### Task item:
Every line below must be reproduced exactly; no pictures are to be included.

### Given material:
◆ ◆ ◆ ◆

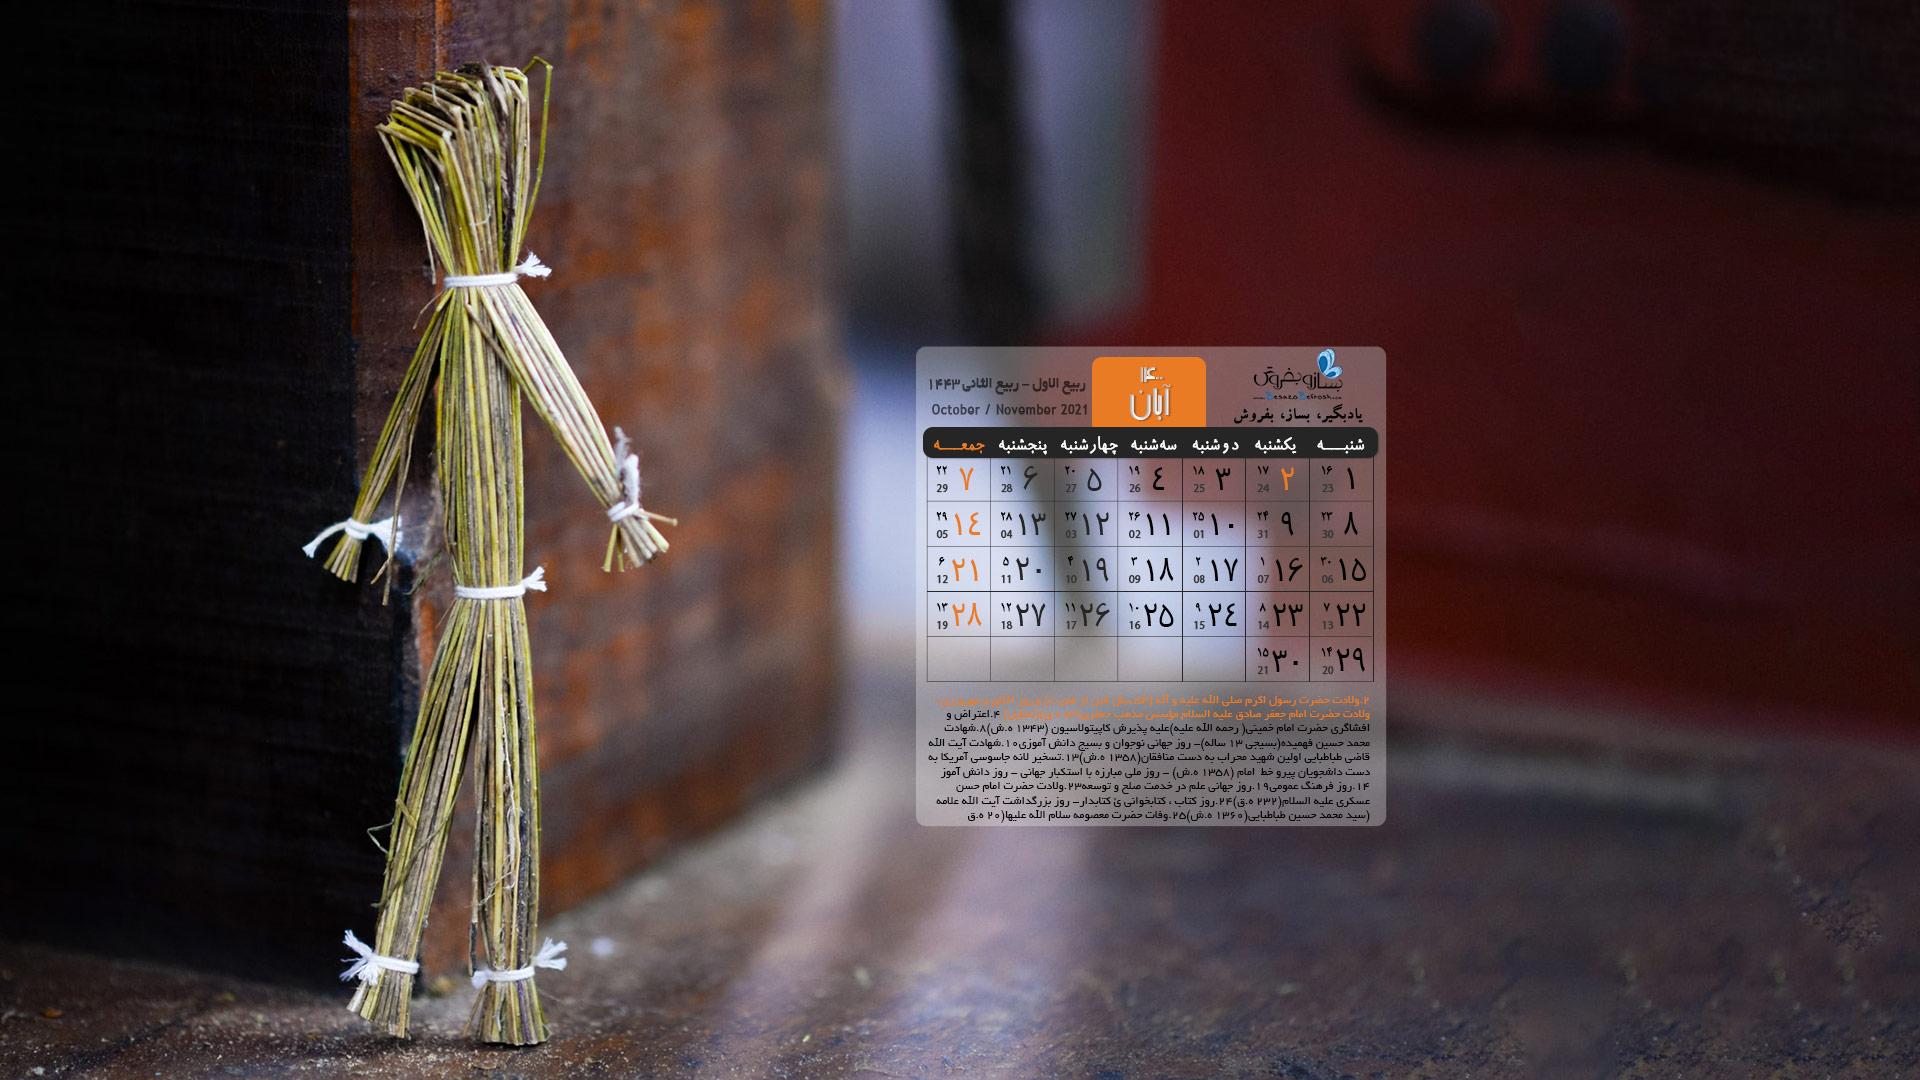 عکس تقویم فانتزی دسکتاپ آبان 1400
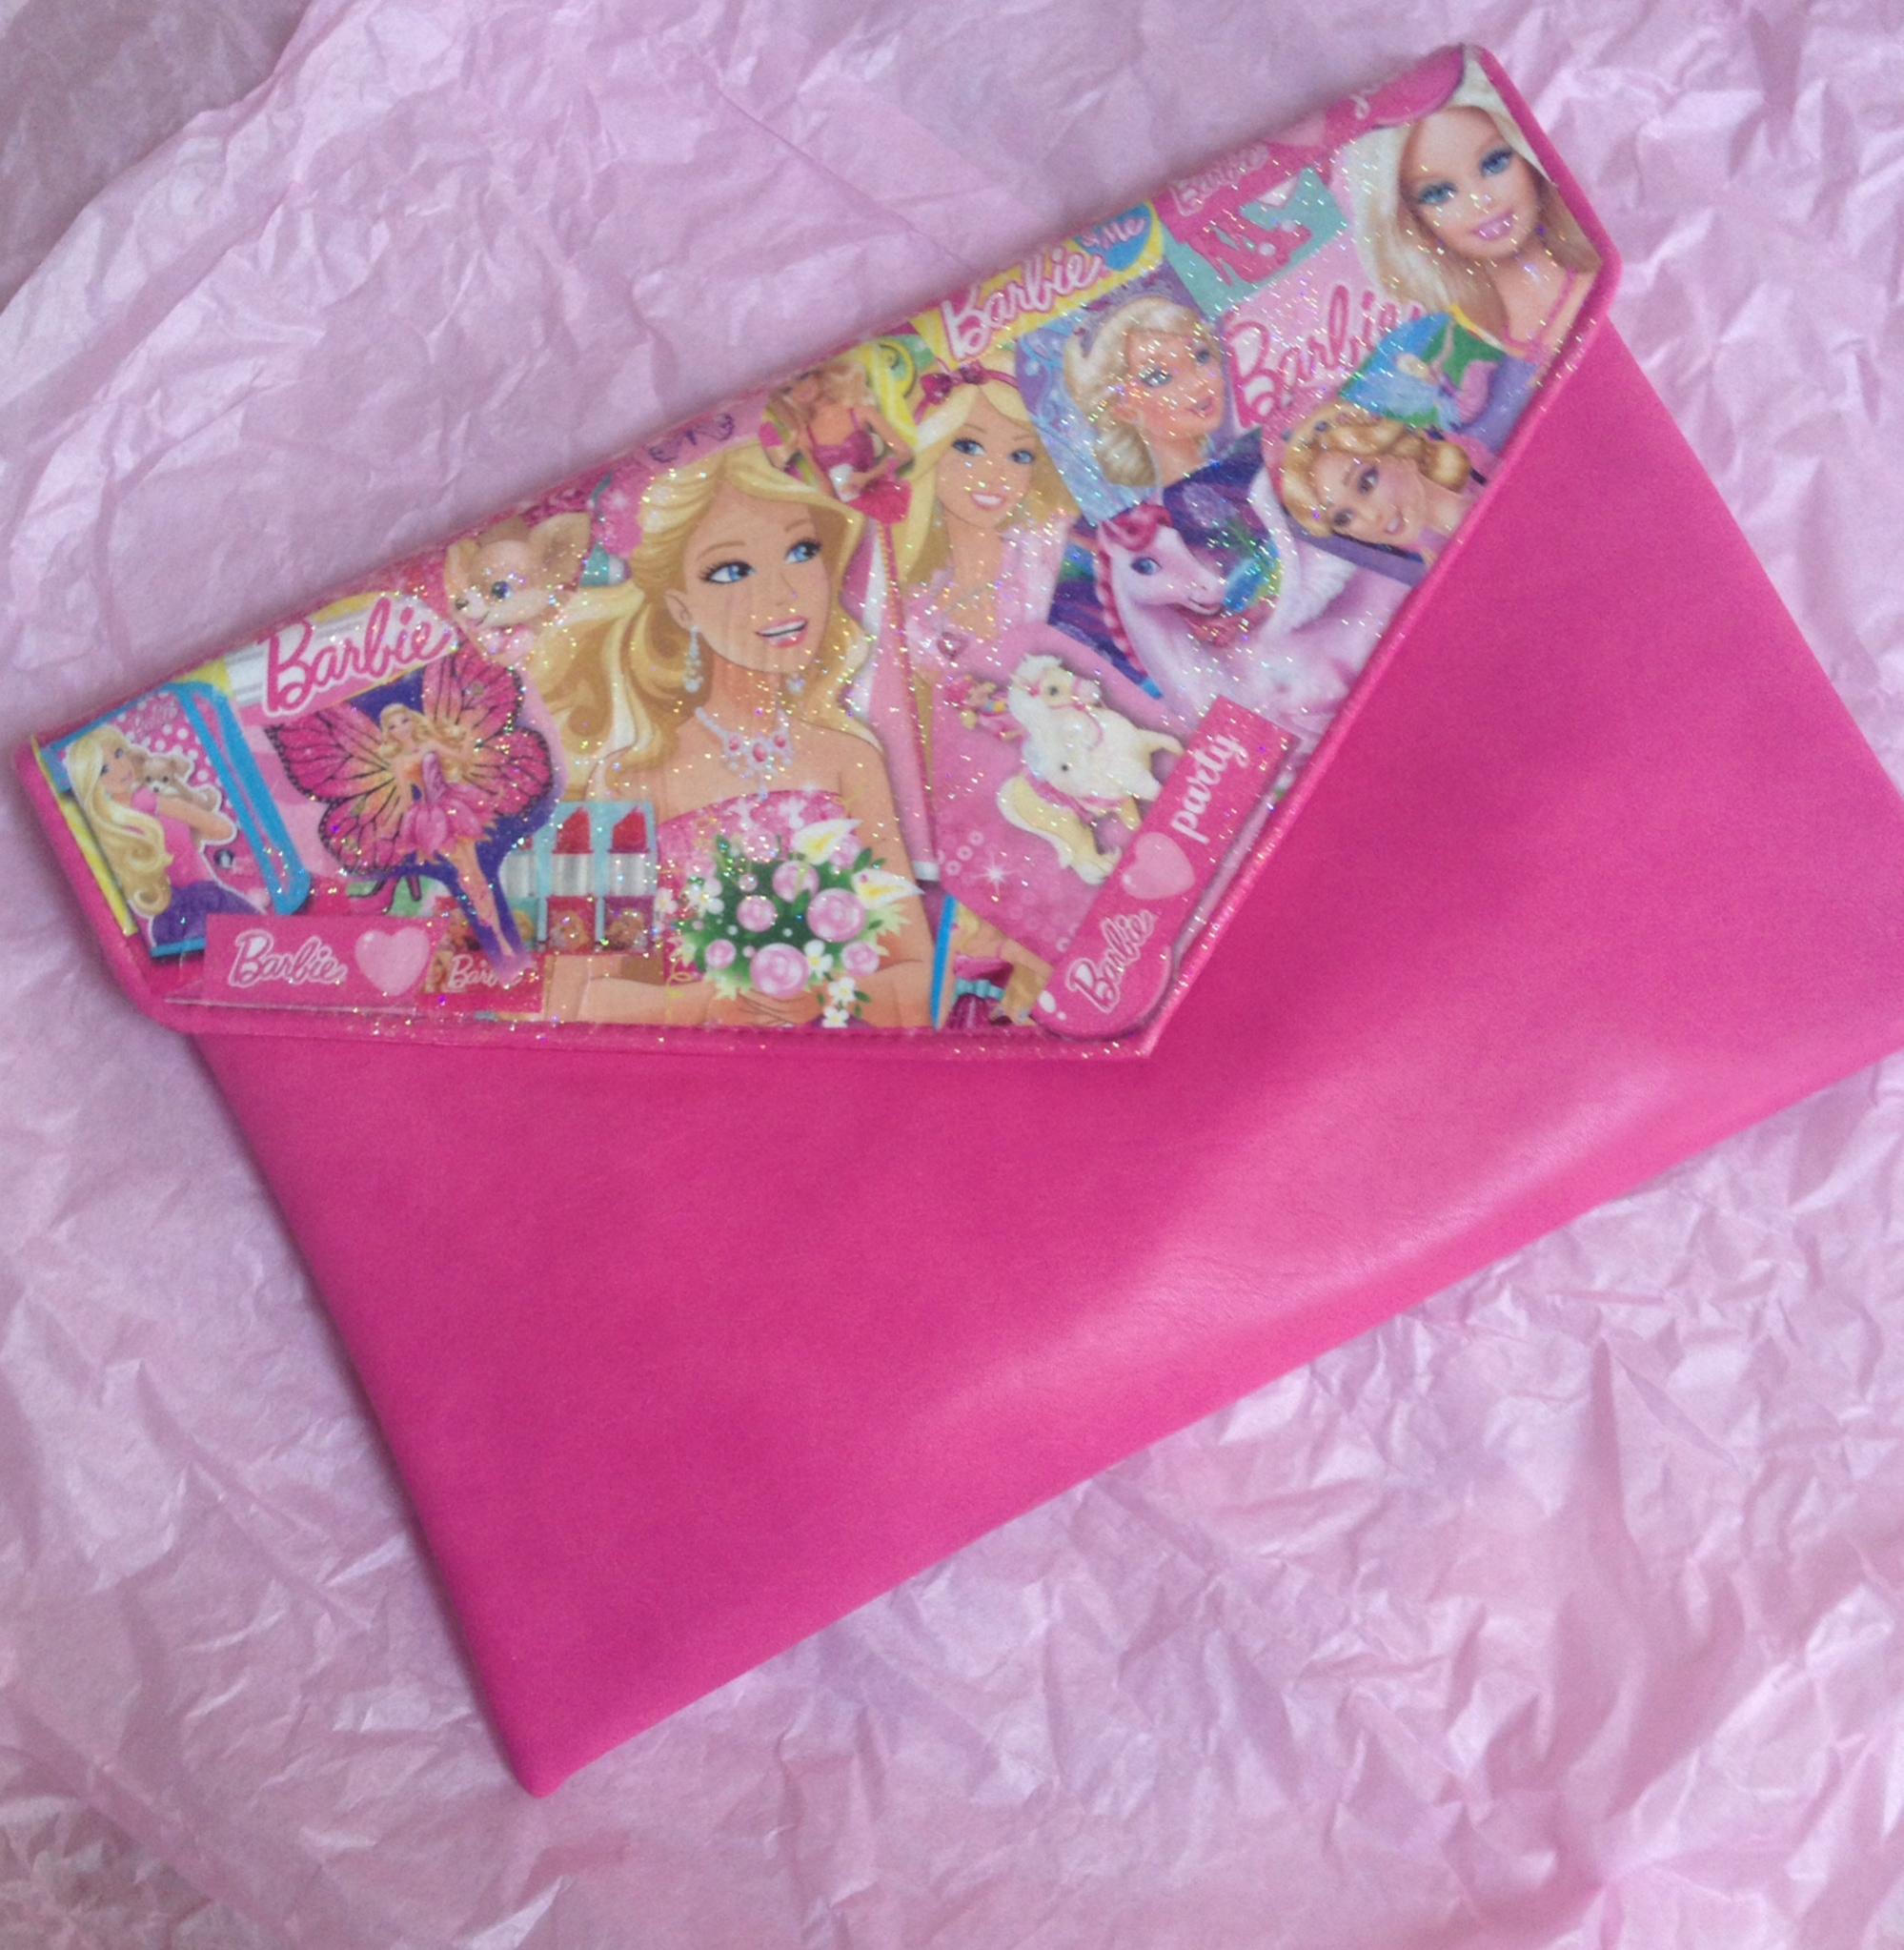 Barbie bag front
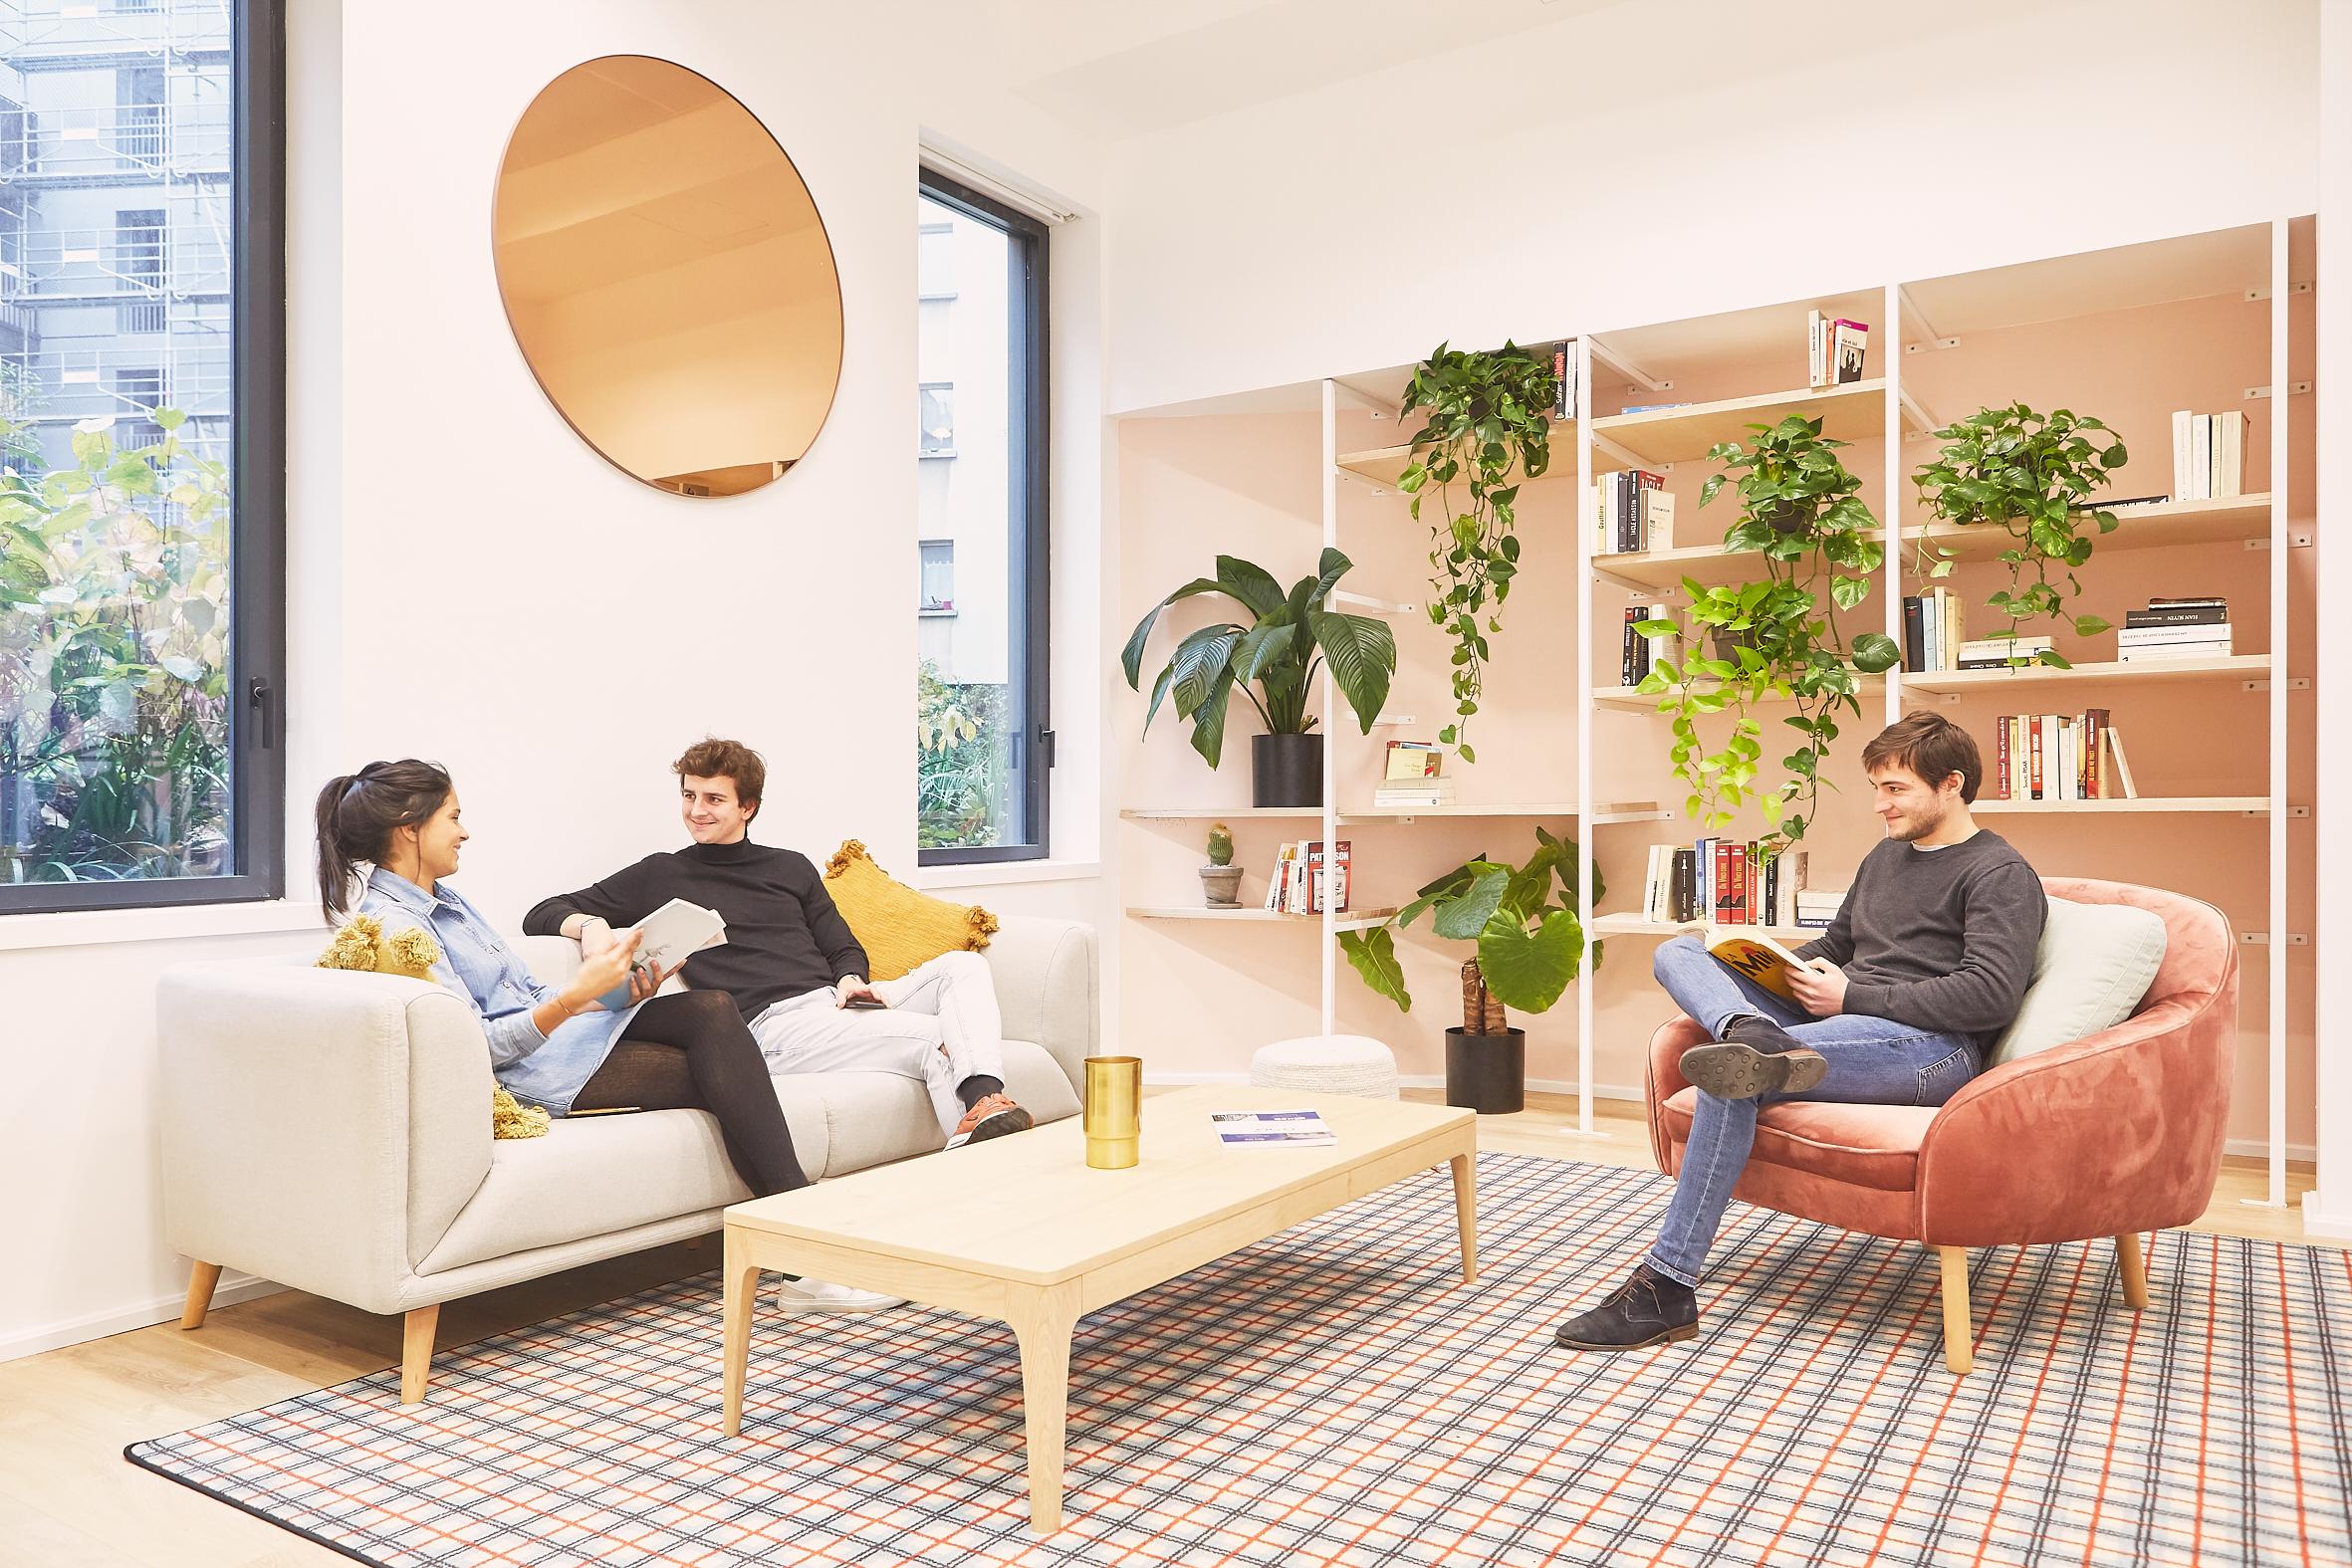 coworking clichy - un coin réunion

◆ ◆ ◆ ◆

### Finished task:
 عکس تقویم فانتزی دسکتاپ آبان 1400
 Barbie bag front
 coworking clichy - un coin réunion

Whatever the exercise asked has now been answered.